Отец Николай оказался широко и разносторонне образованным человеком. В свое время окончил Петербургский университет, затем принял постриг. Окончил в России духовную академию и впоследствии был одним из ее ведущих профессоров. Еще до революции был избран почетным доктором теологических наук Кембриджского и Гетингенского университетов. Неоднократно бывал за границей на различных духовных мероприятиях. Кроме того, отец Николай был настоящим полиглотом: он великолепно, не хуже русского, владел латынью, древнегреческим, древнееврейским, арабским, фарси, всеми европейскими, вплоть до португальского и датского, языками. Испанский он, конечно, знал гораздо лучше меня, хотя бывал в Испании совсем не подолгу, и по моему выговору сразу определил, что учил я испанский отнюдь не по учебникам, в русских учебных заведениях, а на месте, но когда я попросил его об этом не распространяться, перестал говорить на эту тему.
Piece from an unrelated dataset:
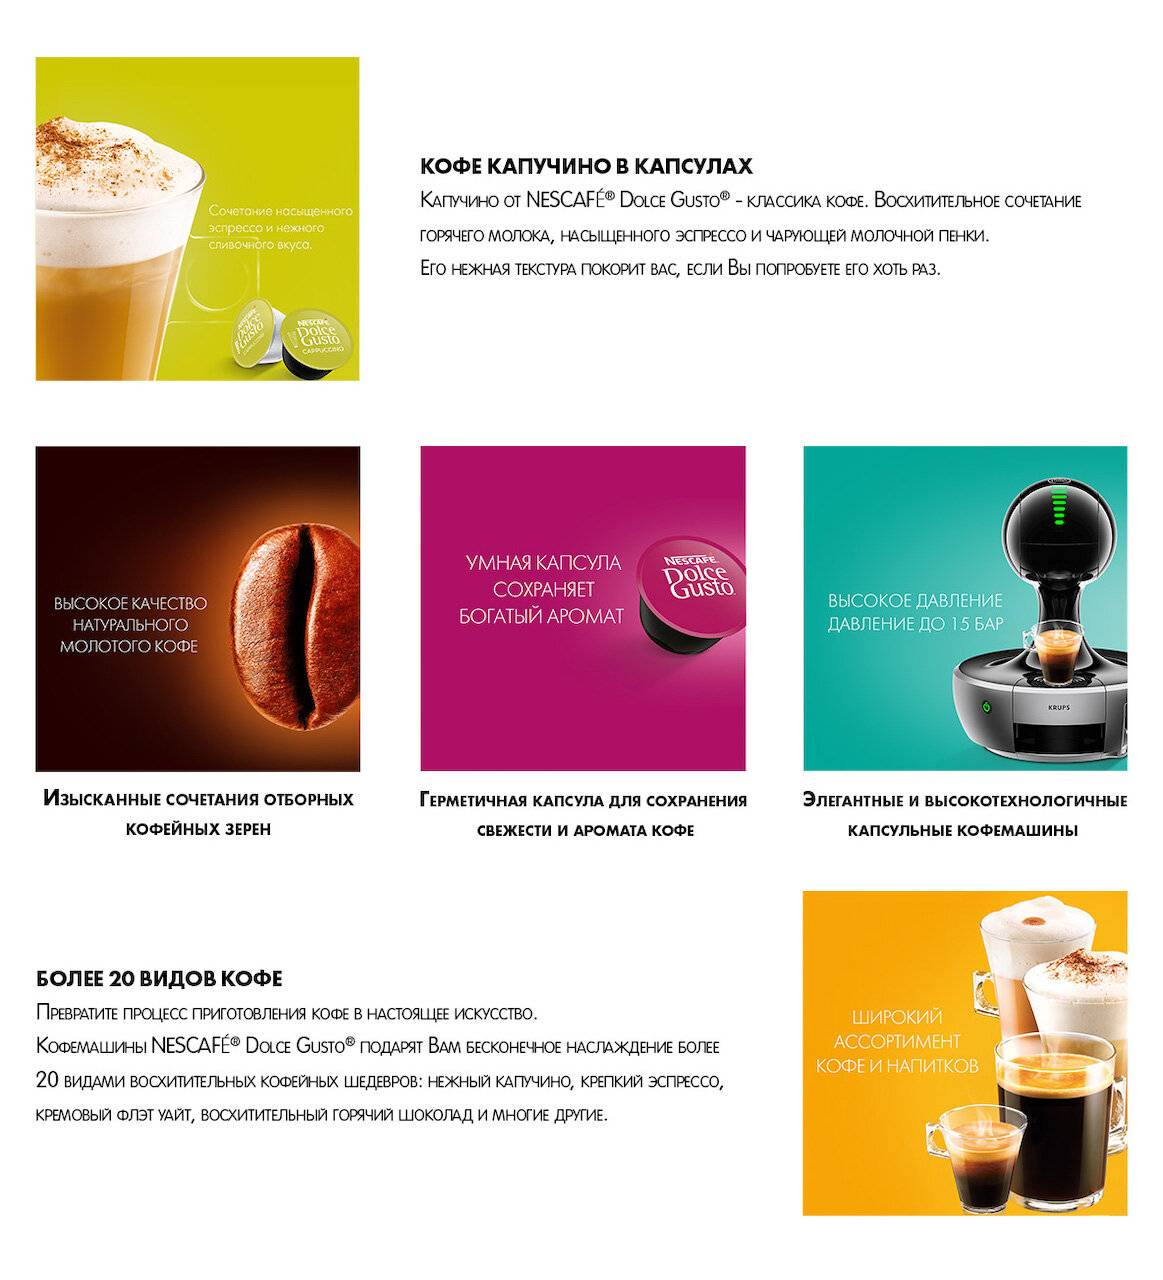 Какие бывают капсулы для кофемашин и как ими пользоваться
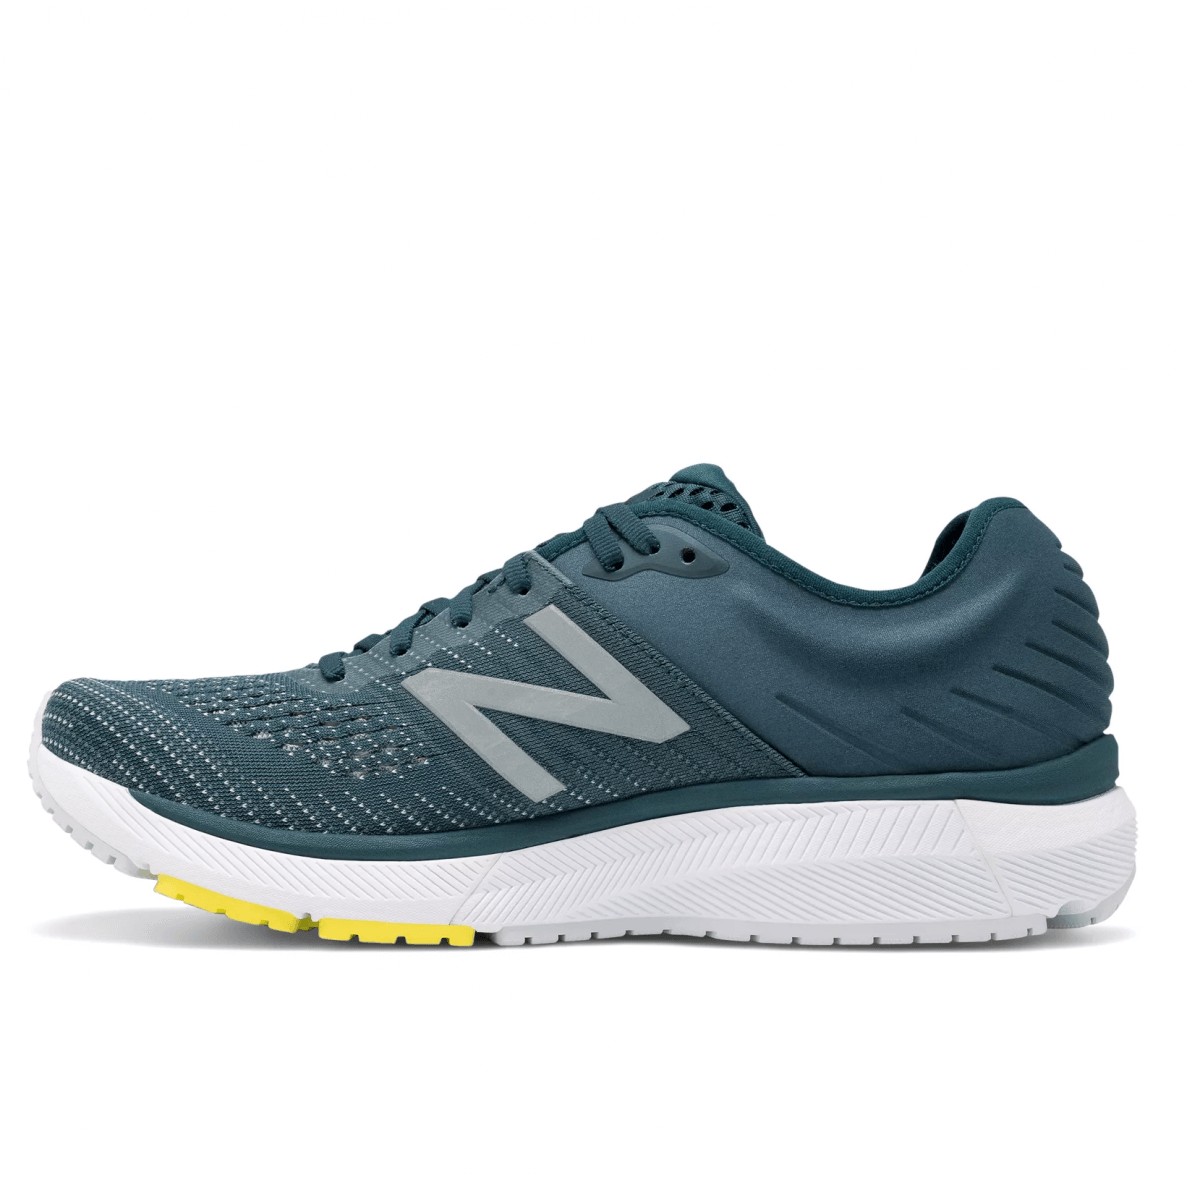 New Balance 860 v10 Men's Running Shoes Blue

Ко мне он относился буквально с отеческой нежностью, и я ему платил за это глубоким уважением и всеми в нашем положении возможными заботами. Но оказалось, что кроме богословия и теологии, кроме блестящего знания всех религиозных и народных сокровищ, которые он почти все, как финскую «Калевалу», индийскую «Сакунталу» и прочие, знал наизусть, он мог часами цитировать всех русских классиков, целые поэмы и пьесы Шекспира и Байрона, Гете и Гейне, Данте и Сервантеса, причем как на русском языке, так и в оригинале. Как уверял находившийся в нашей камере раввин, еврейские «Хумеш», «Танах», «Сфорим» и весь «Талмуд» отец Николай знал не хуже любого раввина, которые обязаны были всю эту литературу помнить наизусть, так как на экзаменах им наугад из любого из десяти объемистых томов, страниц по 800 мелкого шрифта каждый, читали два-три слова, а дальше экзаменующийся уже должен был продолжить текст, пока не остановит экзаменатор. Иначе звание раввина получить было нельзя. Просто невозможно было поверить, как это такой объем самых разносторонних сведений мог помещаться в голове одного человека, причем в возрасте восьмидесяти двух лет.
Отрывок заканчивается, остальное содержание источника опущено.